▶ **What you should do**:
Give back the full listing exactly, setting the pictures aside.

▶ **Provided data**:
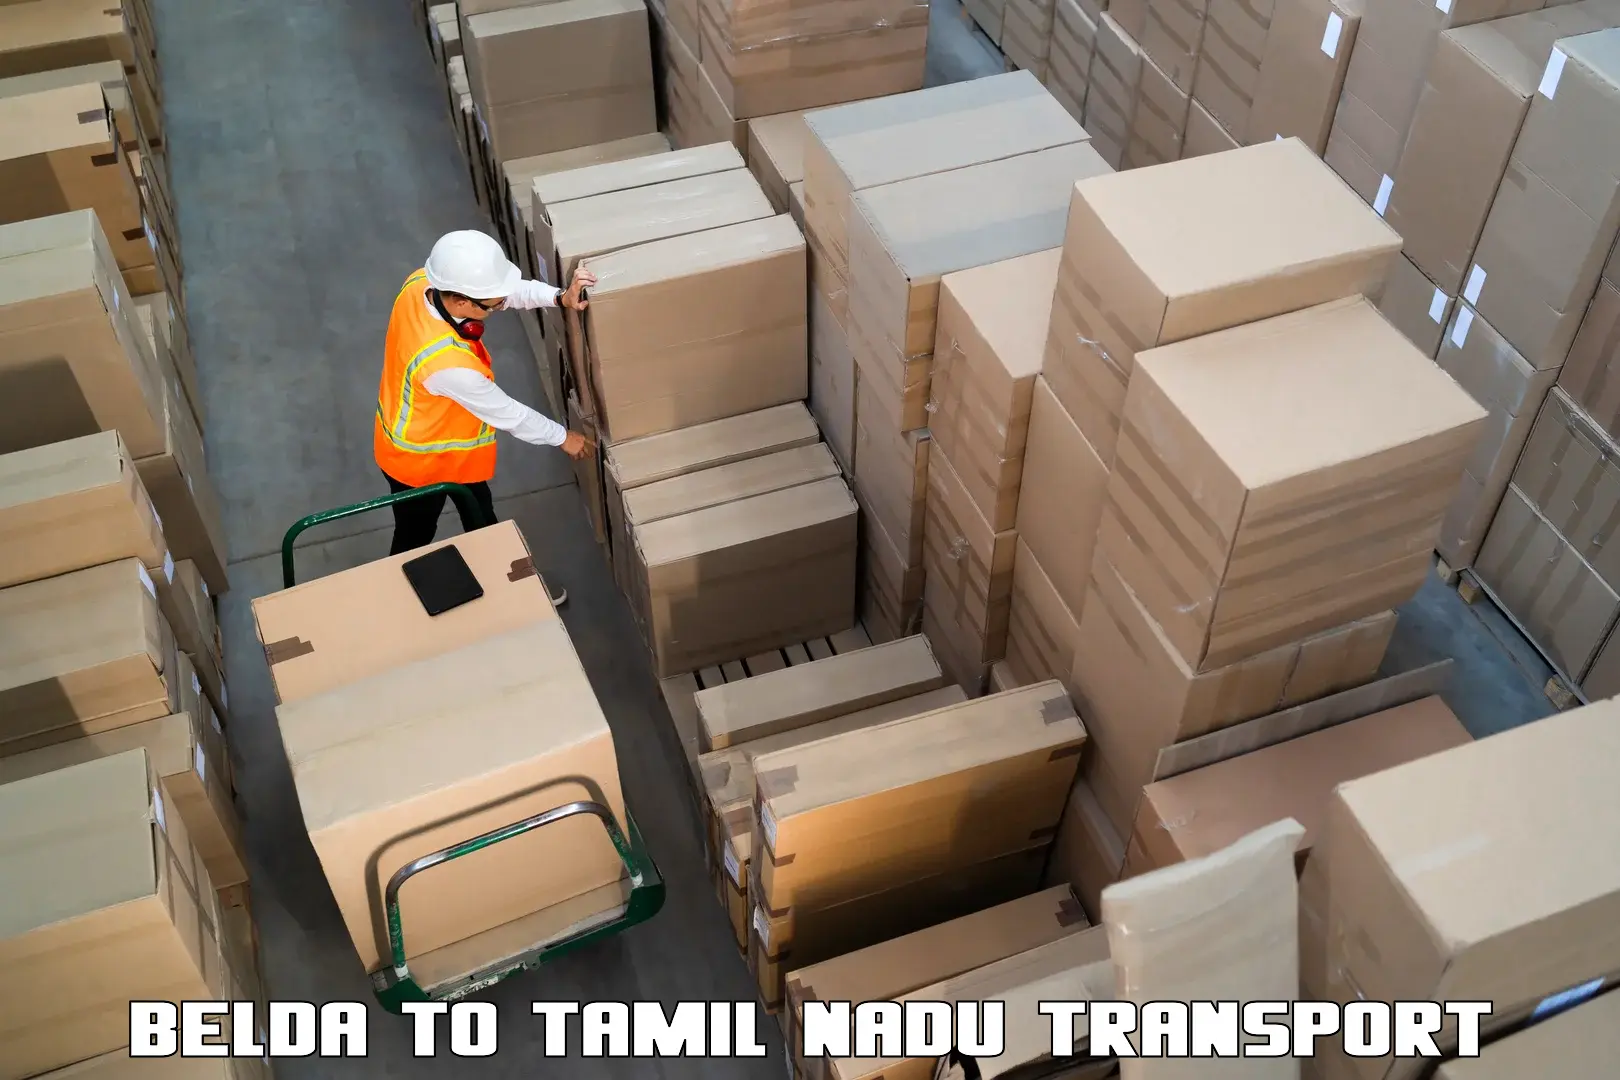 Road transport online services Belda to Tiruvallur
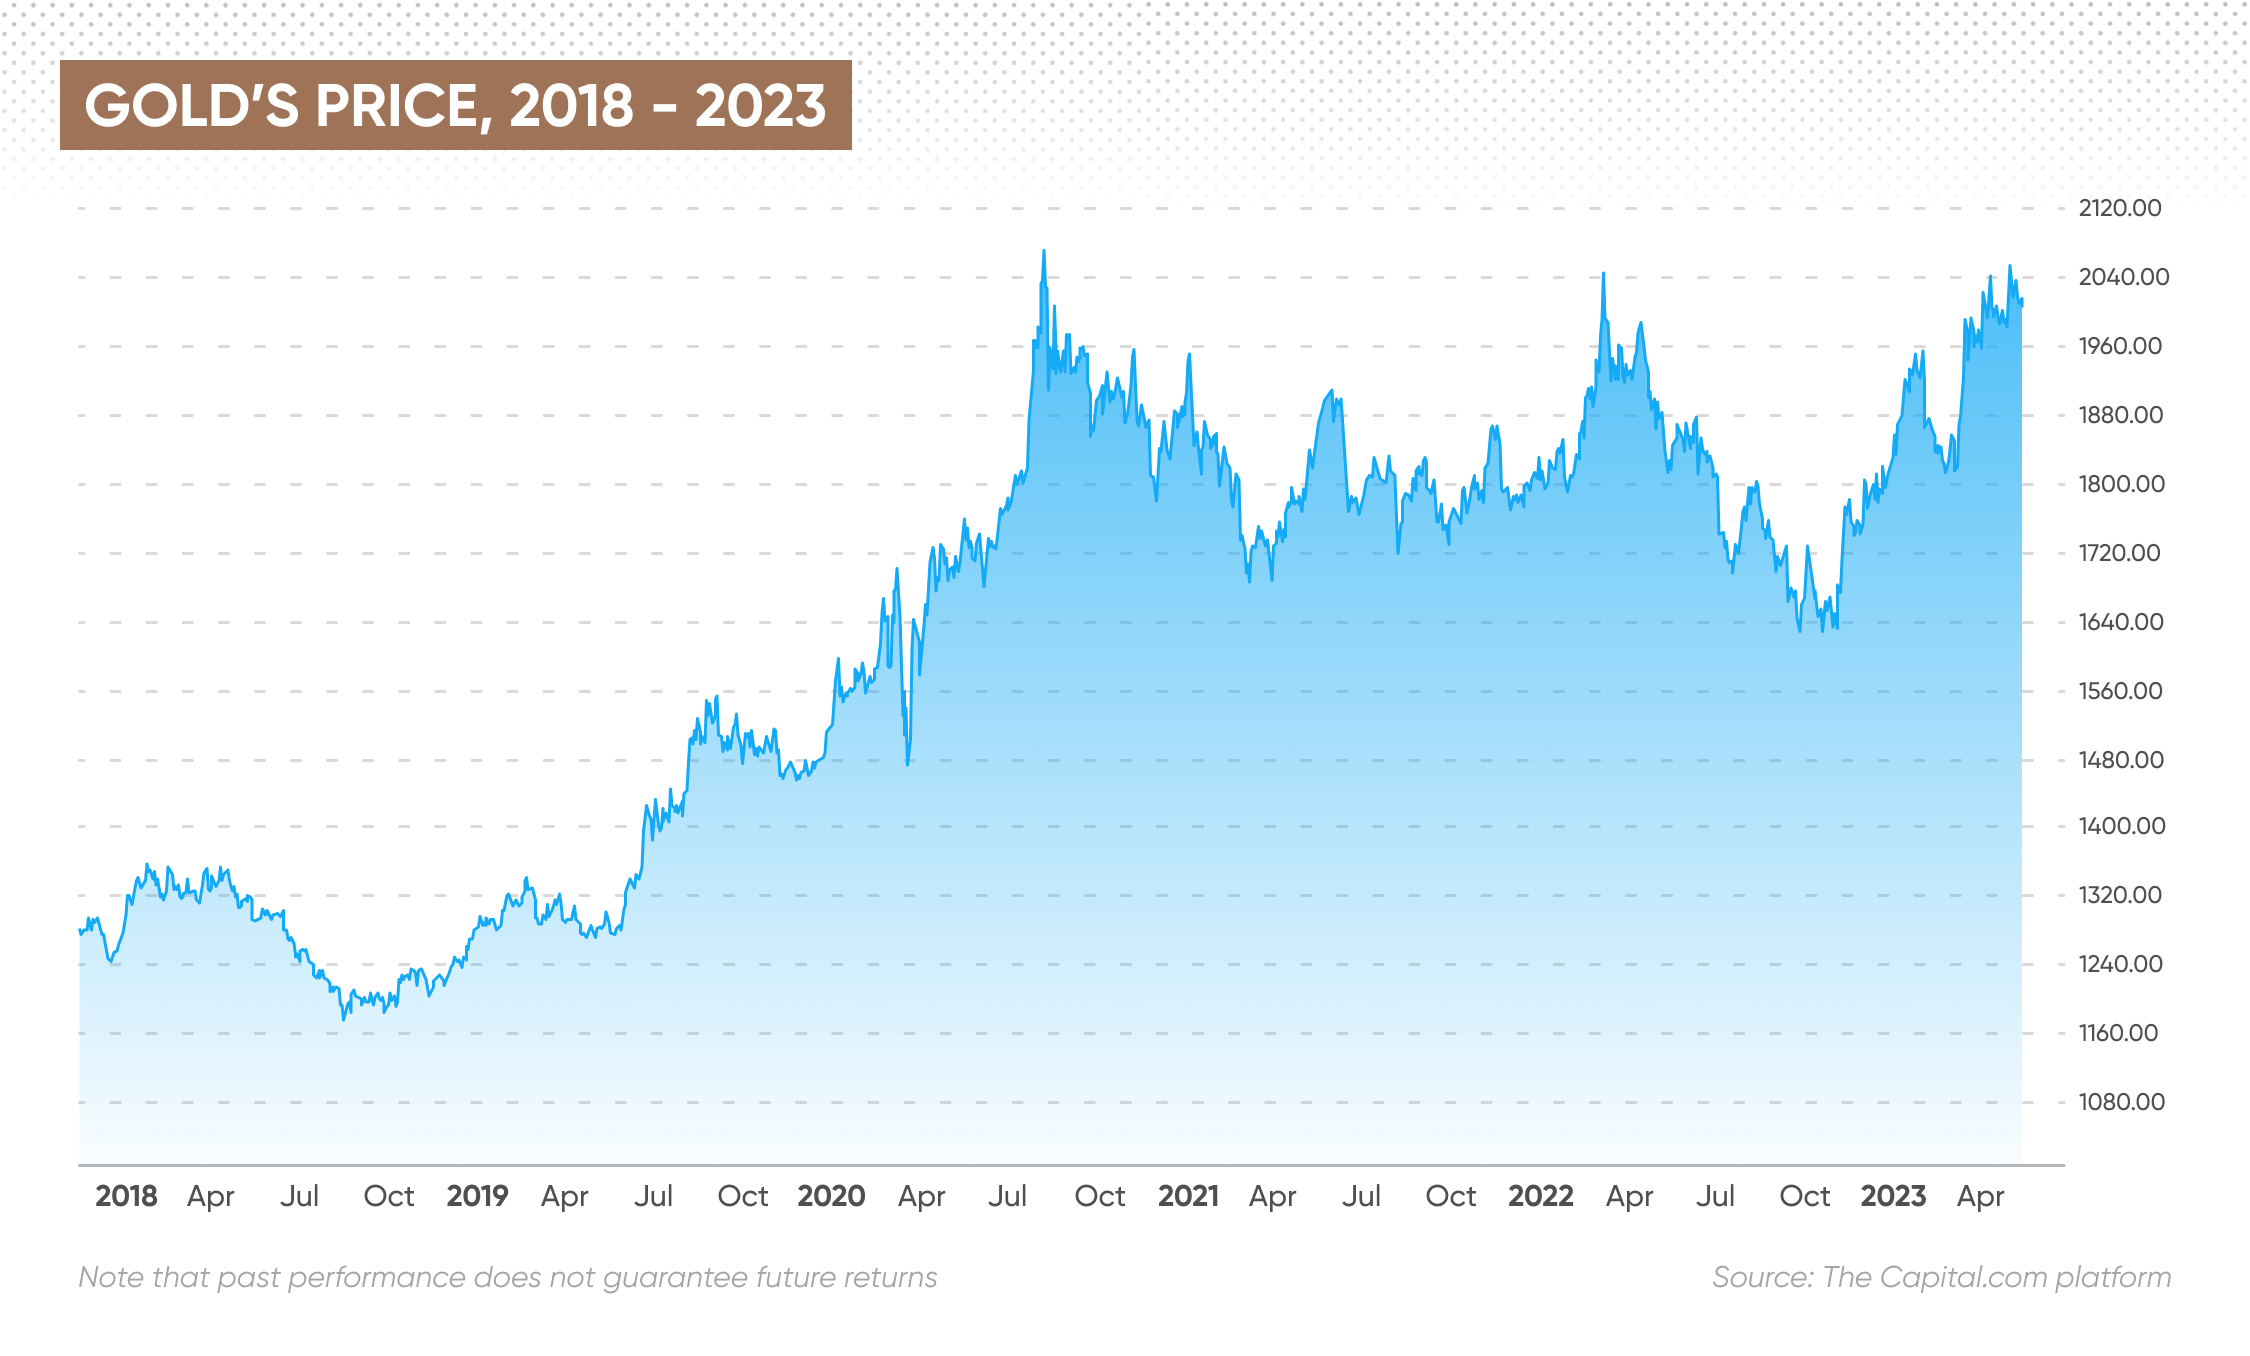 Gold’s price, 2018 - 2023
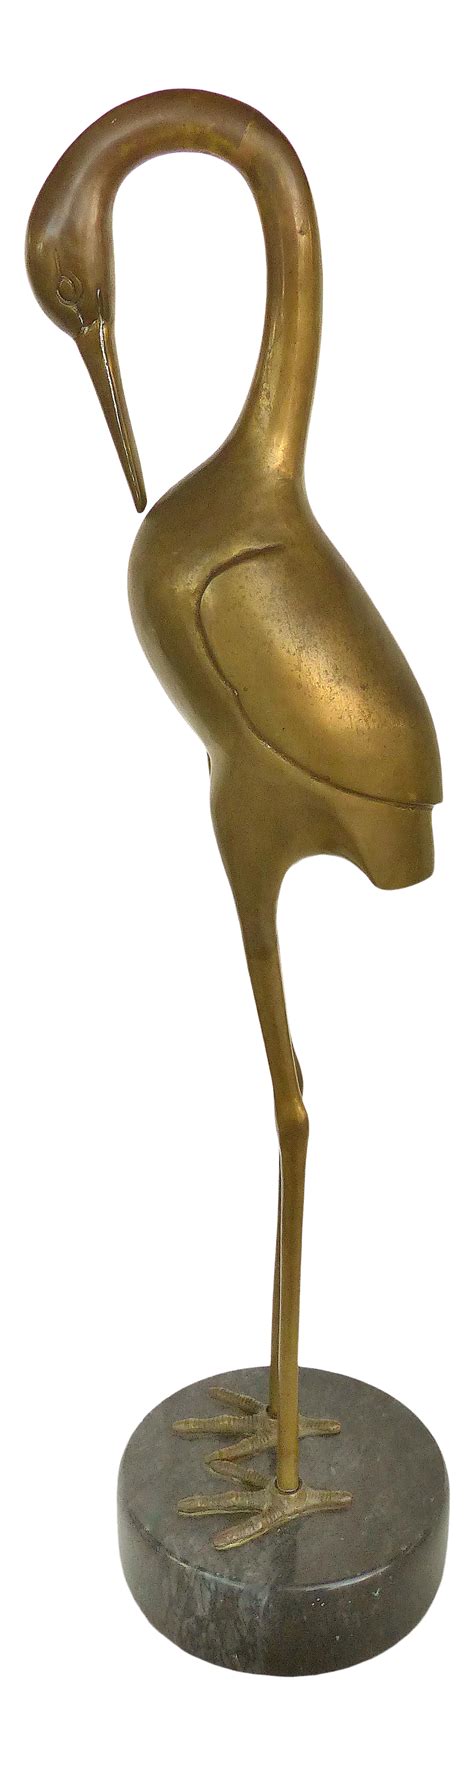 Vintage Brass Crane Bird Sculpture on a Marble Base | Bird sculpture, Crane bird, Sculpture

▶ **Written response**:
 Road transport online services Belda to Tiruvallur
 Gold’s price, 2018 - 2023
 Vintage Brass Crane Bird Sculpture on a Marble Base | Bird sculpture, Crane bird, Sculpture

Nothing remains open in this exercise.